Problem requirements -> In the listing below, find the line containing "Temporal Temple" and the line containing "Establishment of local", then copy exactly everything from the first through the second, except the pictures.

Source material ->

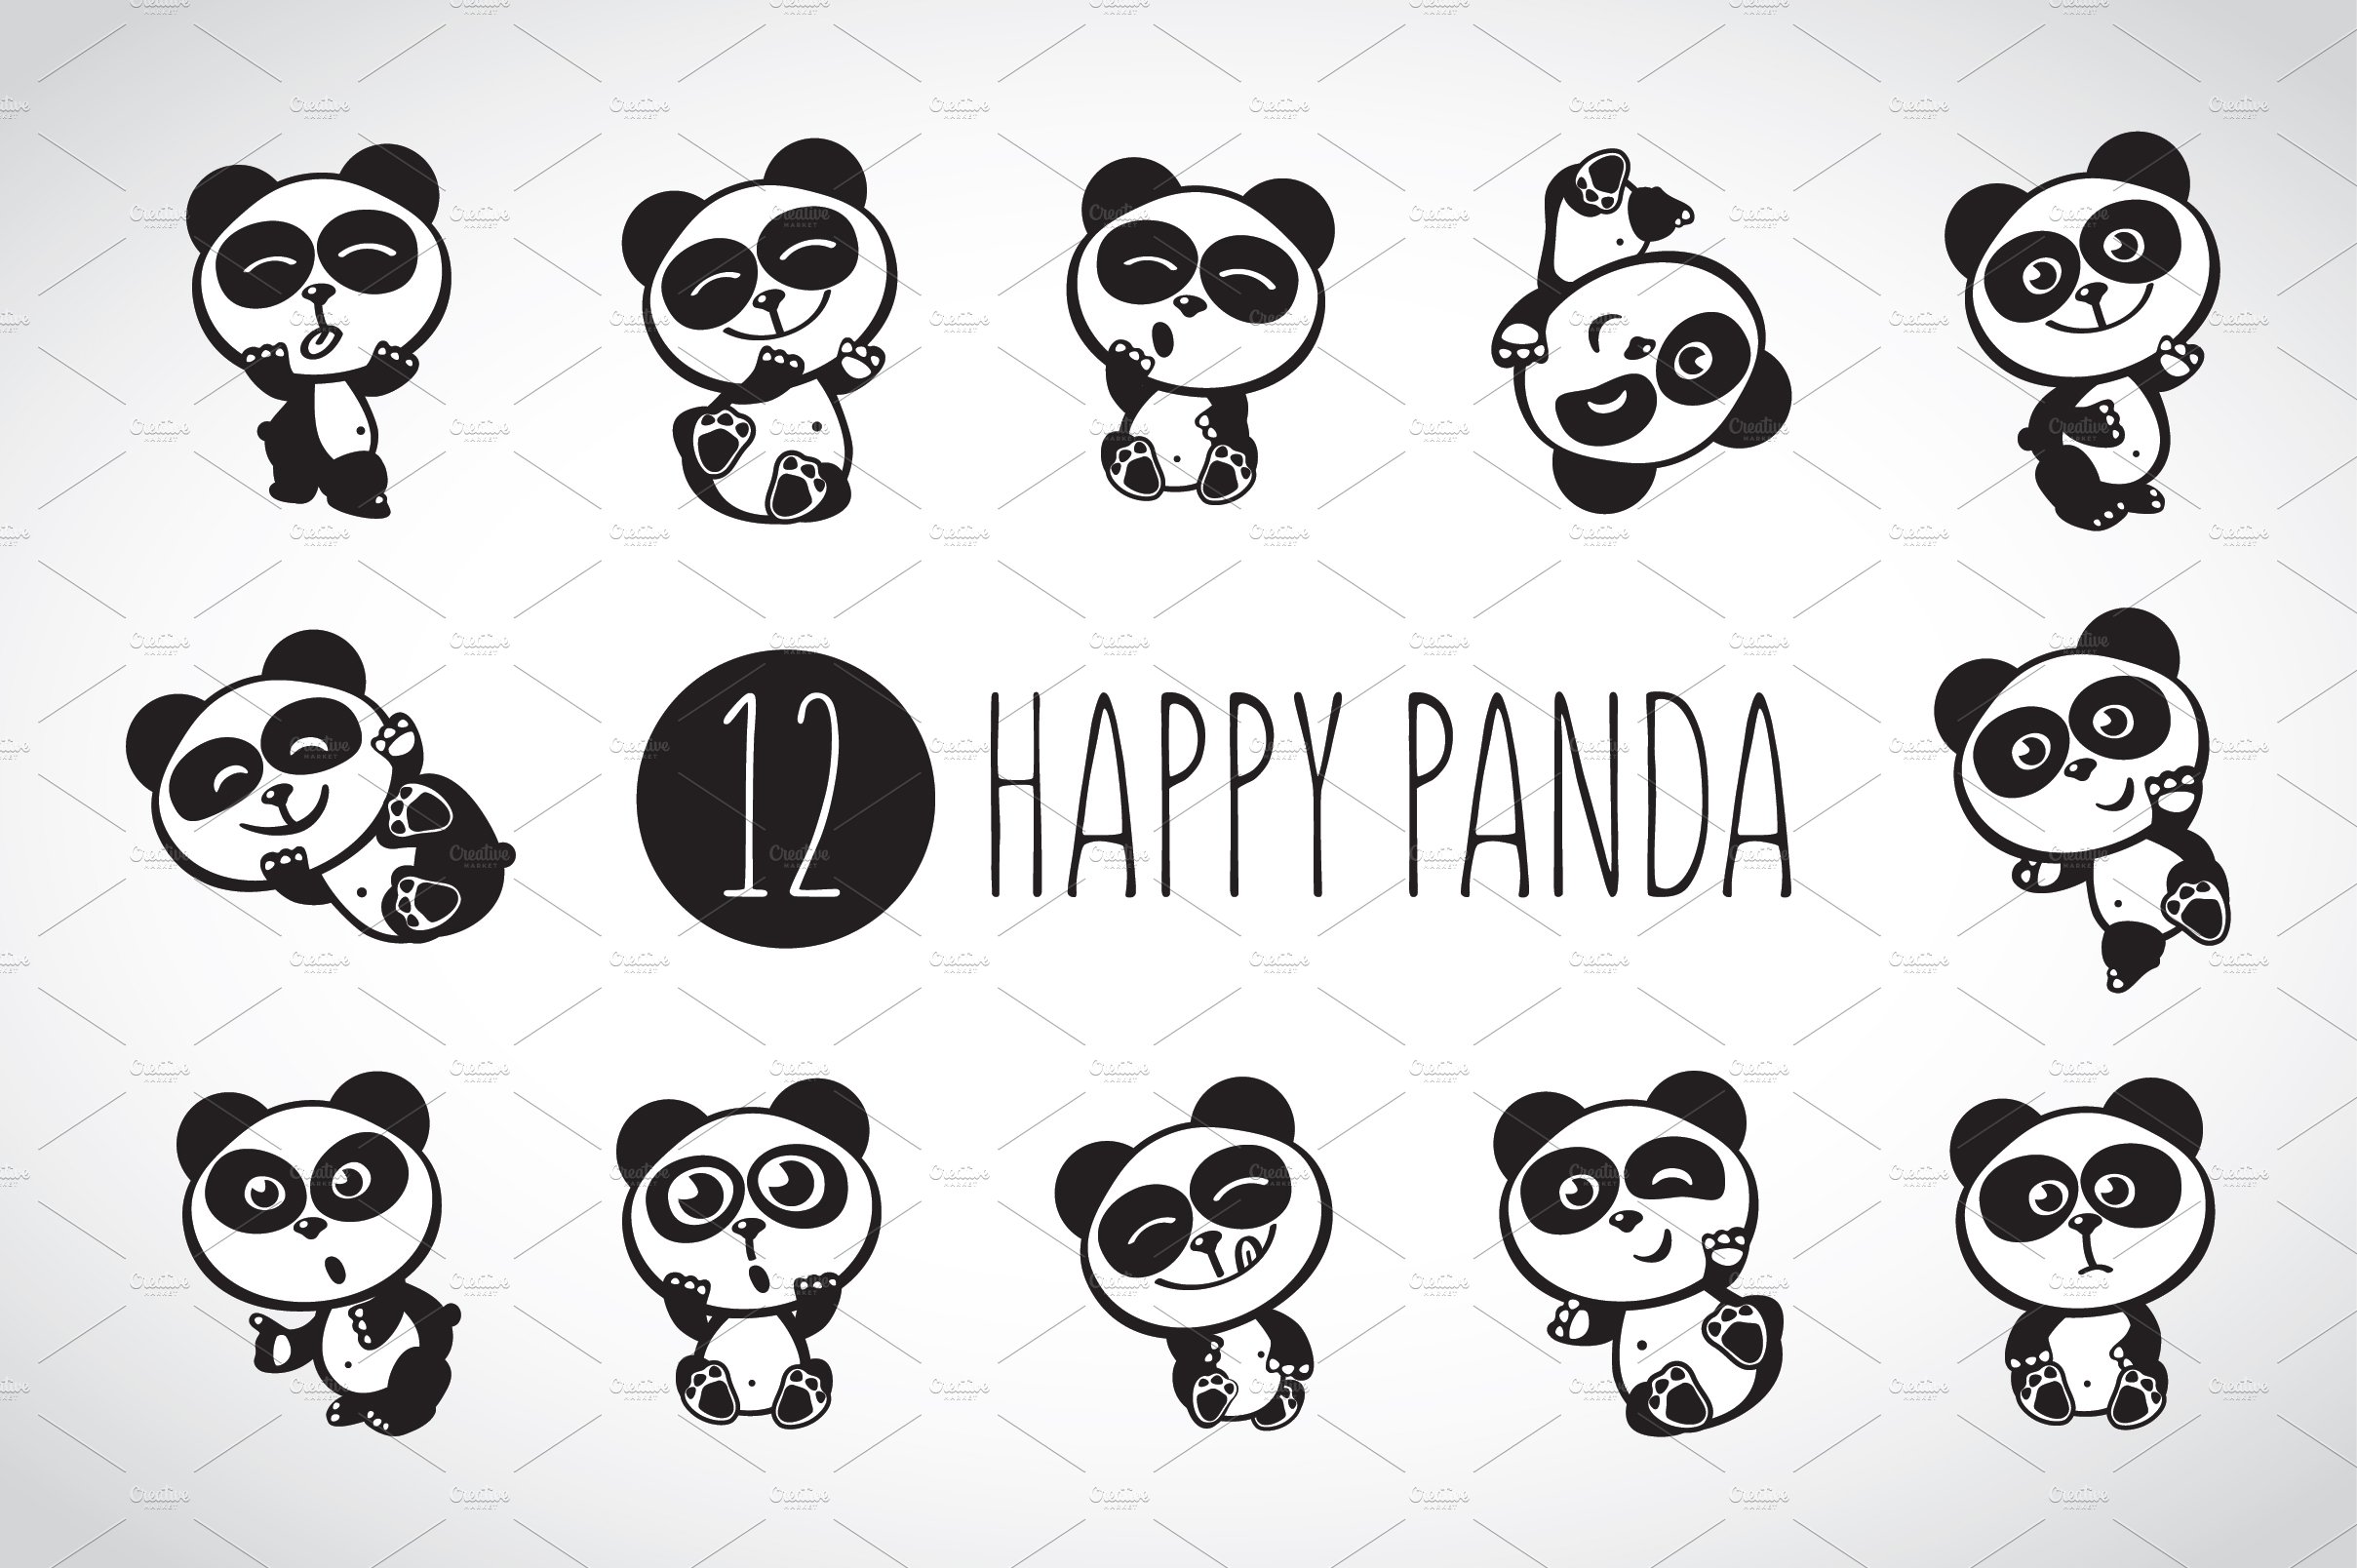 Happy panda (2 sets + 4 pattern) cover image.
...
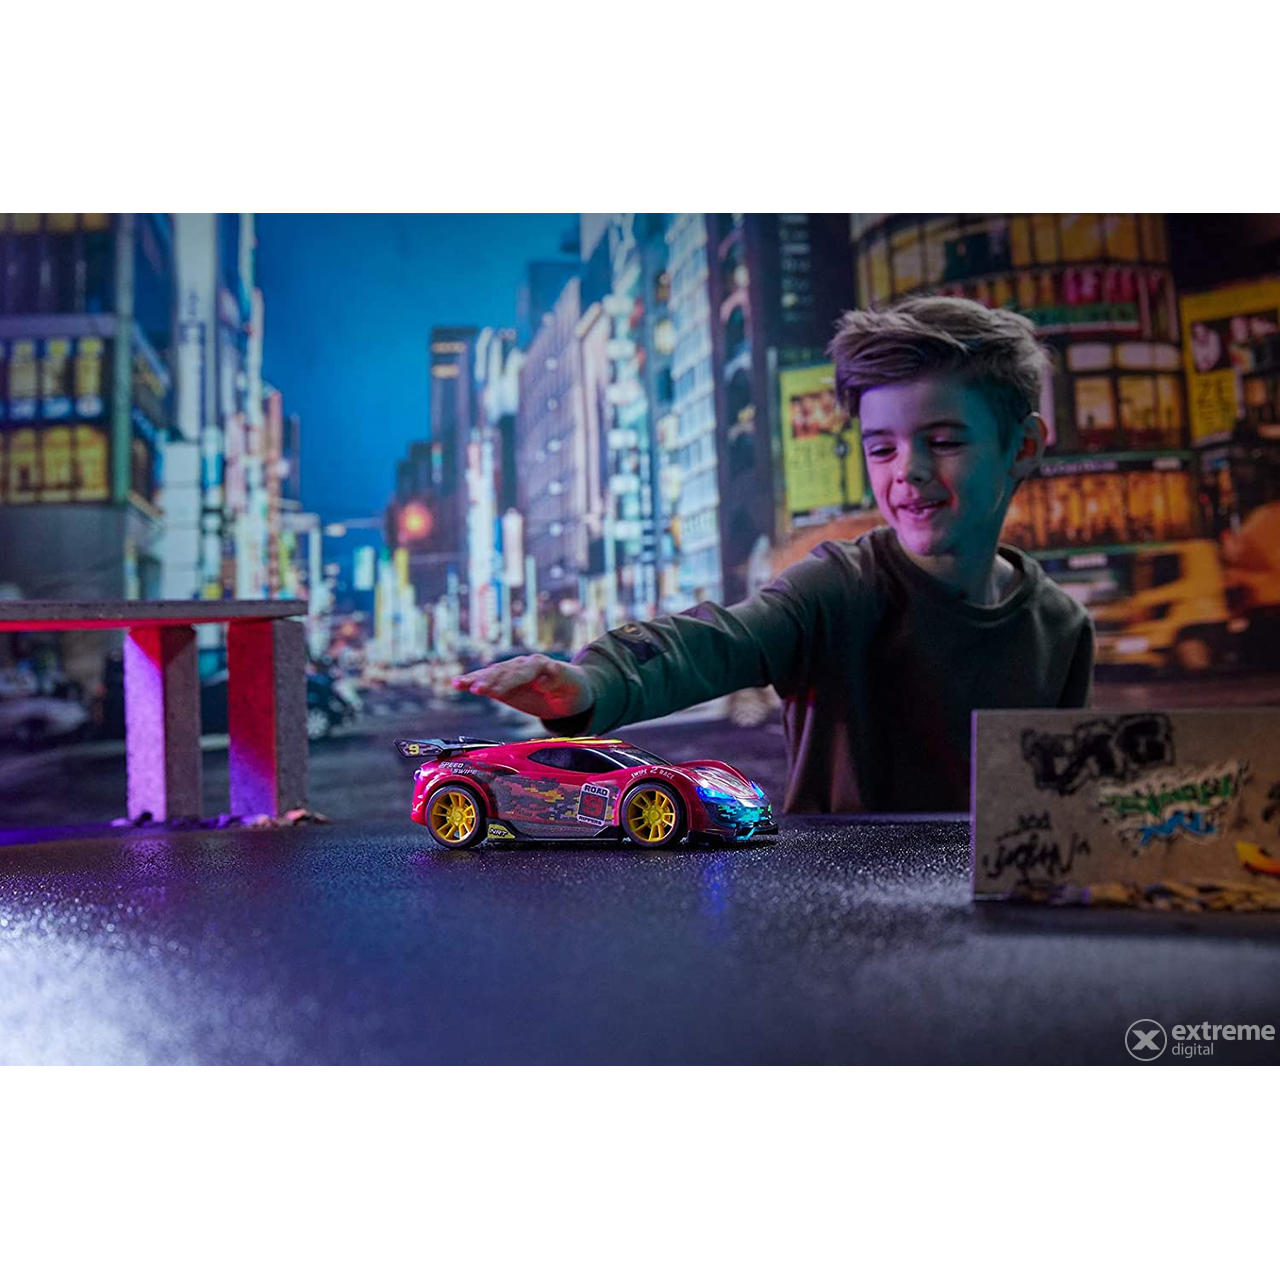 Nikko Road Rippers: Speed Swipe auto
--
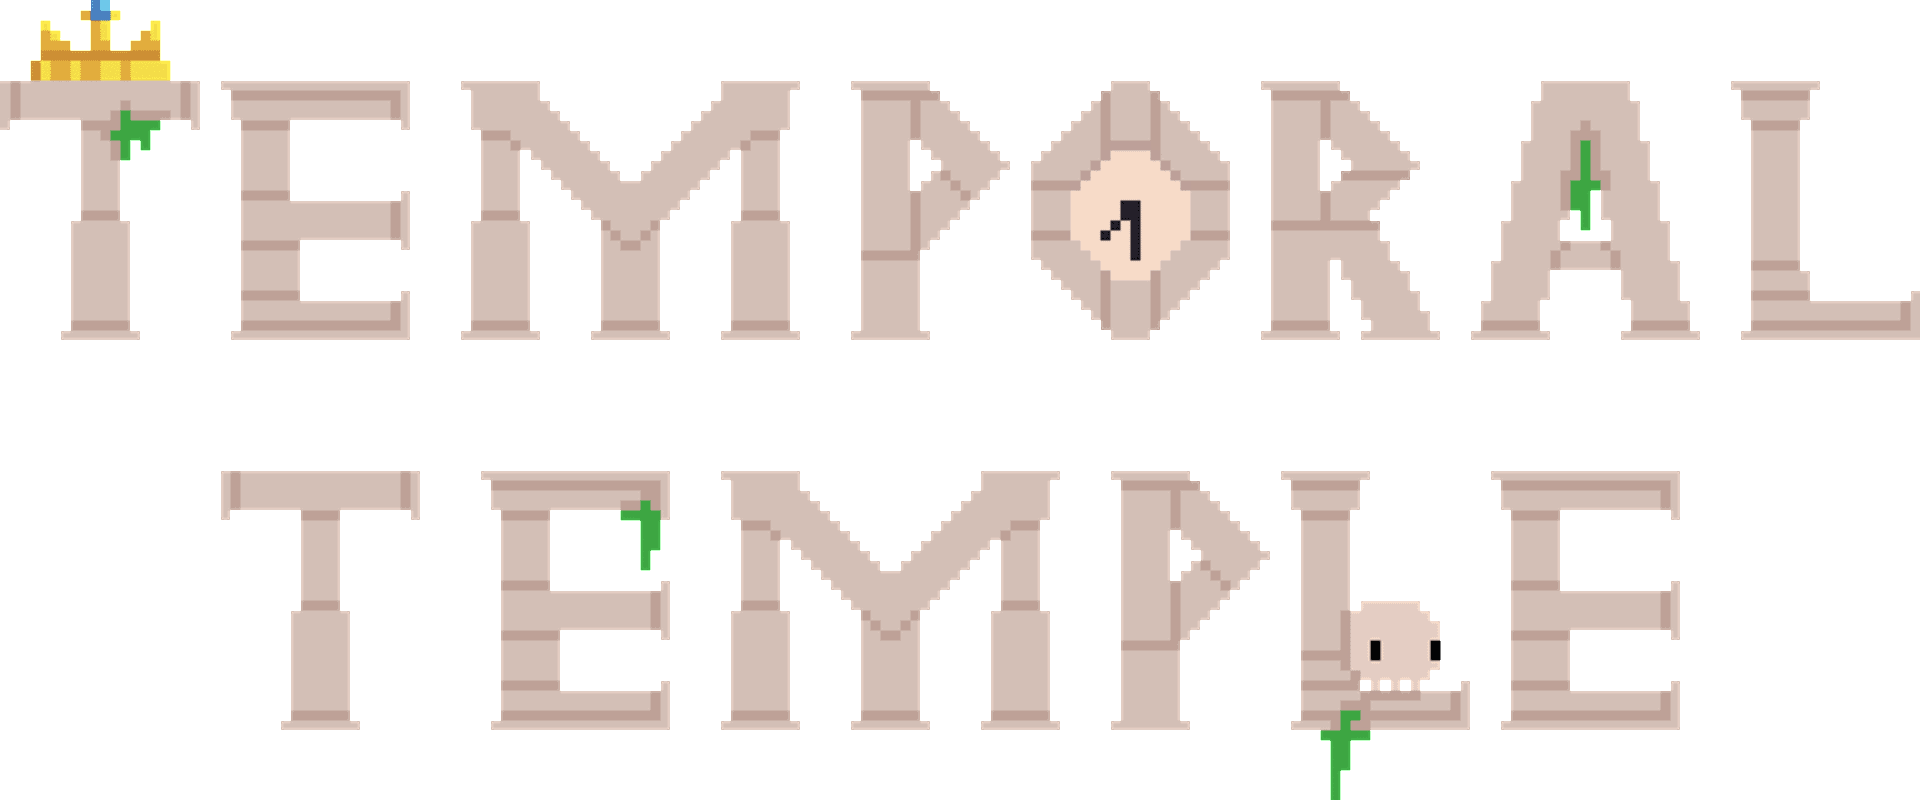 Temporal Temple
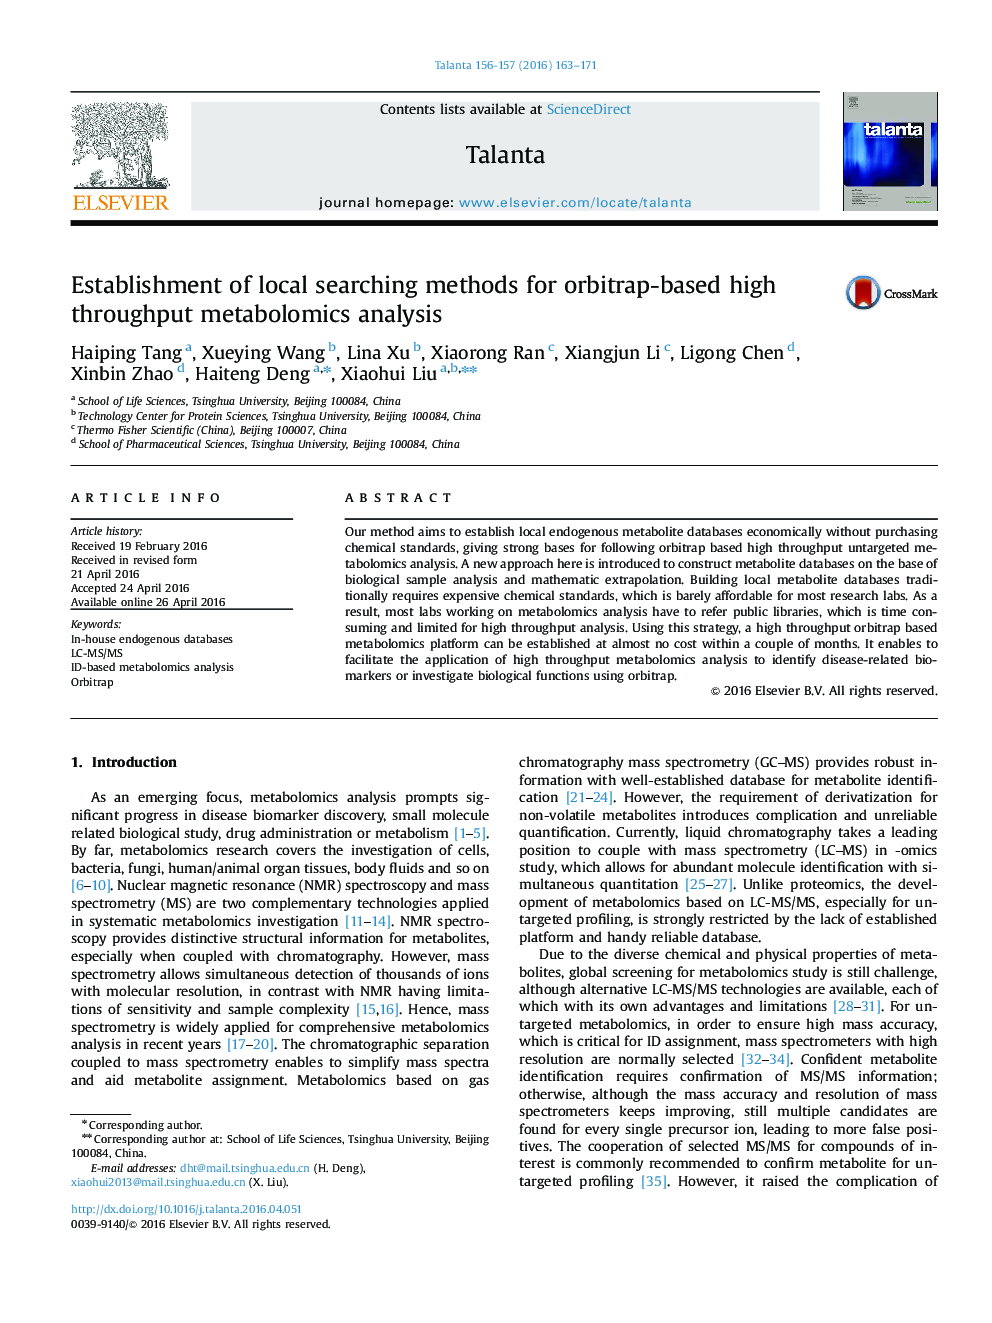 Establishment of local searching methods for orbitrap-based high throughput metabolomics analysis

Response for this exercise ->
 Temporal Temple
 Establishment of local searching methods for orbitrap-based high throughput metabolomics analysis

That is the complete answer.